Joel Our Carpenter and I were hanging crown moulding when he noticed that his brad nailer was running low on brads. He remarked that he'd left a refill package on a window sill somewhere and wondered if I'd happened upon it. I hadn't. I directed him to the parts table, a now hopelessly overloaded card table I set up out of the way back in the early days of our Great Refurbish, back before it had become a great anything. That card table groans beneath its burden now. It holds every odd otherwise unclassifiable anything that needed a landing place. Paint rollers wrapped in plastic hang from its strut supports, and attempt to trip anyone passing. It's now located on the mainline between the above the front porch deck and the rest of the upstairs, a primary migration route for long crown moulding boards and baseboards headed for remounting. It's an eye of the needle passage and I suppose that every job site needs one of those, a common ground generally abused, reviled and revered in more or less equal measure. A place where we might come together, if only there was room, given the clutter. ©2021 by David A. Schmaltz - all rights reserved
Joel could not find his brad magazine on the impenetrable table, so I volunteered to go find him that ammo. I first tried to raise Kurt Our Painter, who was at that moment out buying mud for floating a master bedroom wall. As usual, he'd left his phone behind so I couldn't connect. I drove to where he'd been to learn that they didn't have the size and length Joel had requested. I visited two more nearby hardware stores to find they didn't have them either, which meant that I'd have to drive clear across town, a seven minute trip, to The Home Despot. They had brads galore, but not in the size I'd understood Joel to request, so I called him to see what else he might accept and learned that I'd imprinted the wrong size. I'd even written it down correctly, but didn't refer to my written notes when the first place I stopped didn't have what I'd requested. They'd had what Joel requested. I spent the better part of an hour scouring the world for something that didn't exist while surrounded by precisely what I wanted, but I was unable to recognize it. I felt like an idiot.

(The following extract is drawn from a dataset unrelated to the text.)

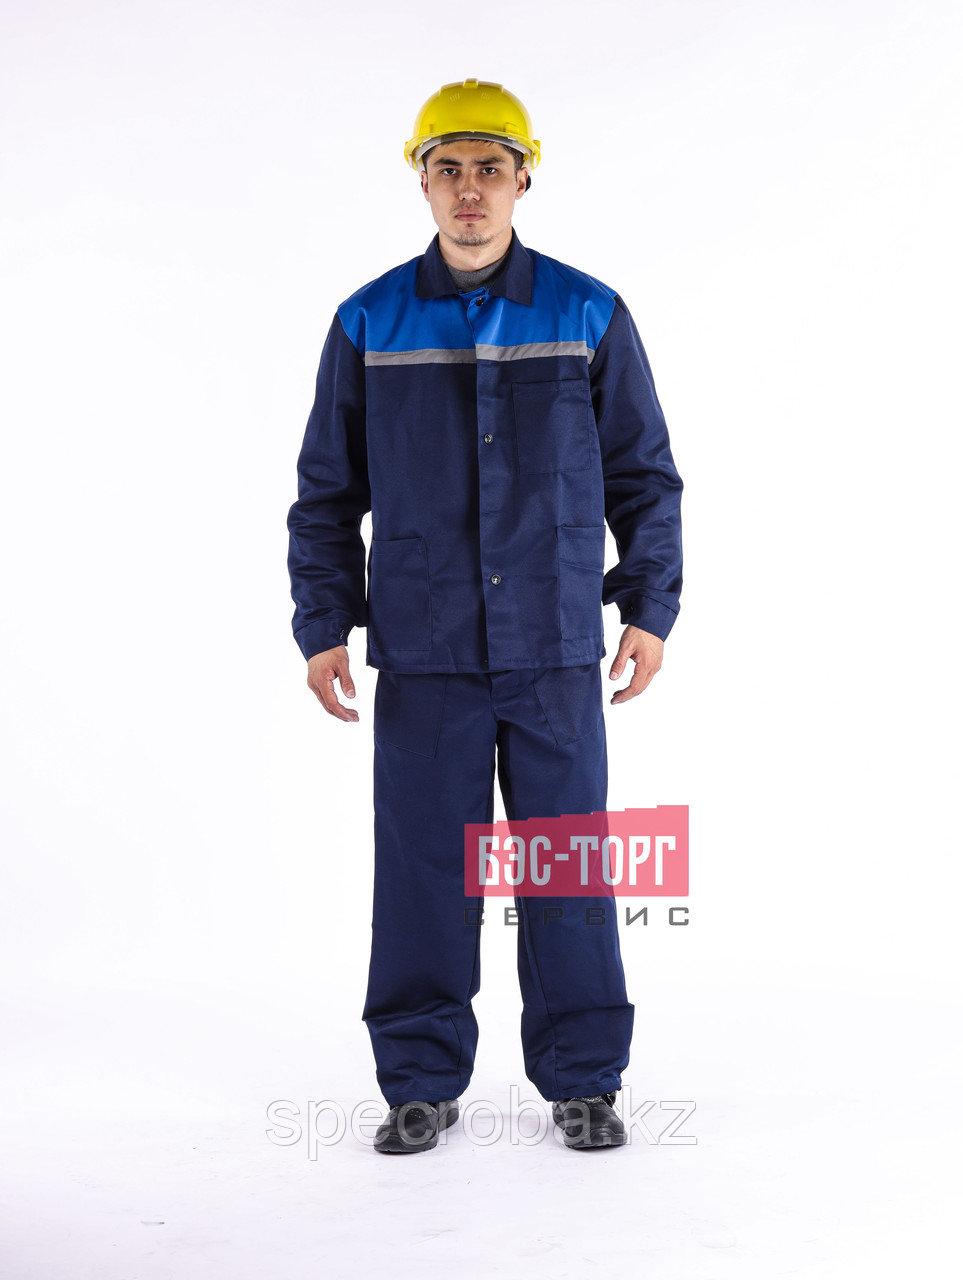 Костюм РАБОТНИК куртка + брюки - фото 2

I moped for a while, remembering many similar situations where I felt certain that I knew what I was seeking but ended up being mistaken. I've rejected perfection in favor of non-existent abstractions. Many times. I've tried to help but made it worse. I've felt cursed when I was more probably blessed. For the following hour or so, I felt Divisible, divorced from our collective effort. I could see no reason why I should continue to even try to play in that arena. I'd clearly over-played my hand and/or my position. Joel seemed unperturbed by the situation and we continued hanging crown moulding, no apparent doubts about me harboring. I slipped back into my more usual position but remained wary, uncertain if I really belonged.
It occurred to me just how easily we divide. Hearing Kurt Our Painter's Hate radio shows playing in the middle distant background, I find myself frustrated by its very existence. Why must some people make trouble for others, slandering and misrepresenting positions. What's to be gained? Aren't we already fragile enough without professionals picking every supposed scab for us and broadcasting commentary intended to misrepresent the experience? I'm of the strong opinion that we desperately need to be more generous with each other, though I admit that this represents a great challenge. The anti-vaxing crowd seems especially vexing because they make up facts to support their opinion and treat anyone better informed as if they were ignorant. They can be quite insistent.

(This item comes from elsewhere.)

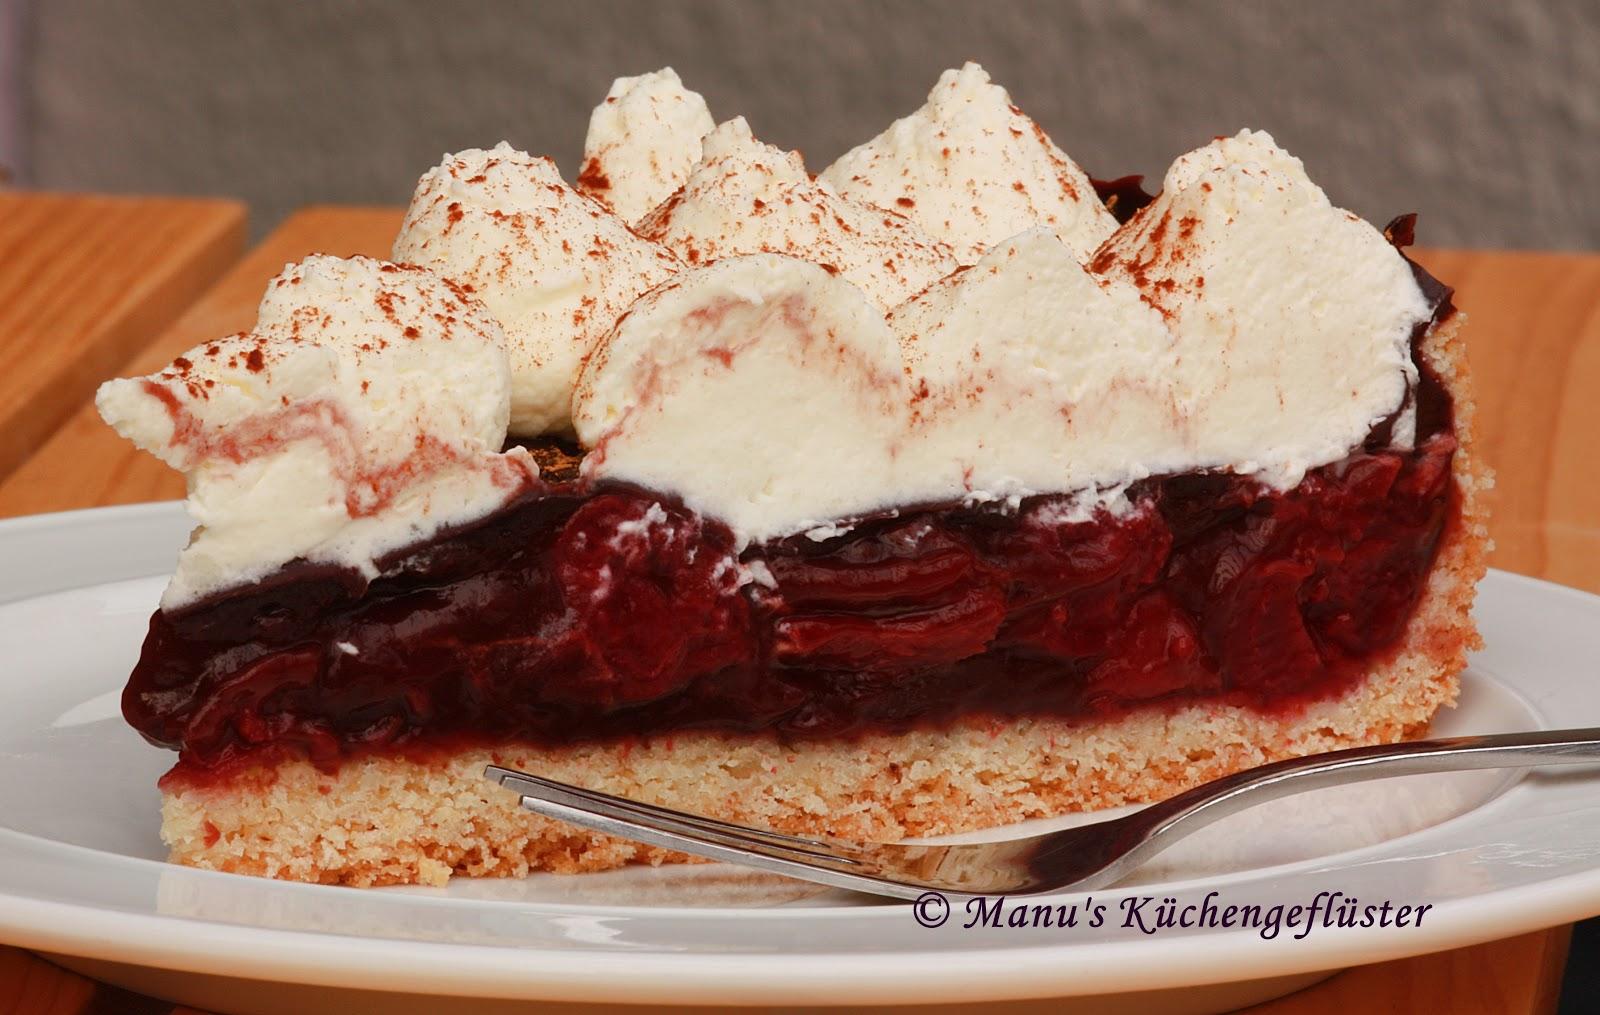 Manus Kuchengefluster Rotwein Kirschkuchen

The ignorant will always be with us. Hell, we are often the ignorant among us. We're not all of us as insistent that we're right when we're wrong, that we hold a fundamental and inalienable right to be just as stupid as we want and you're a communist if you insist that I don't, but we're all ignorant on some subjects and at some times, and we're loathe to recognize that in ourselves when it visits us. My excursion seeking brads probably fails to qualify as news it's so common, a dog bites man story rather than a more newsworthy man bites dog one. These stories intended to divide us misrepresent in precisely this way. They rewrite history away from what actually happened into stories about what was narrowly averted and what might have happened had we not thoroughly prepared for what didn't happen. The commies were never once an existential threat to our existence. The commie hunters were always greater threats but not even they could find the enemy they insisted was on our doorstep. He simply never existed.
Our Grand Refurbish could not have happened had we attempted to divide and conquer. I overhear Joel and Kurt talking about current affairs and I can't believe their naive notions of how government works or doesn't, ill-informed opinion probably garnered from listening to some Hate Radio commentator. I told Kurt that I could not imagine how he tolerates that tone mumbling into his ear all day. For me, it would prove poisonous. I do not want to inhabit the world so misrepresented. We're not sliding into Hell in Homemade hand baskets yet and we're not ever very likely to. We're just too decent. True, we're idiots at root, eminently Divisible. Our Pledge Of Allegiance, for which we're expected to stand, declaims that we're indivisible. Of course we're not. We're here together in the middle of this continuing experiment because we're eminently Divisible and we know it! We come together to counteract that tendency to split apart, conservative Hate Radio notwithstanding. We've gotta find reasons for not blowing ourselves up, better reasons than we can find to conquer ourselves through division.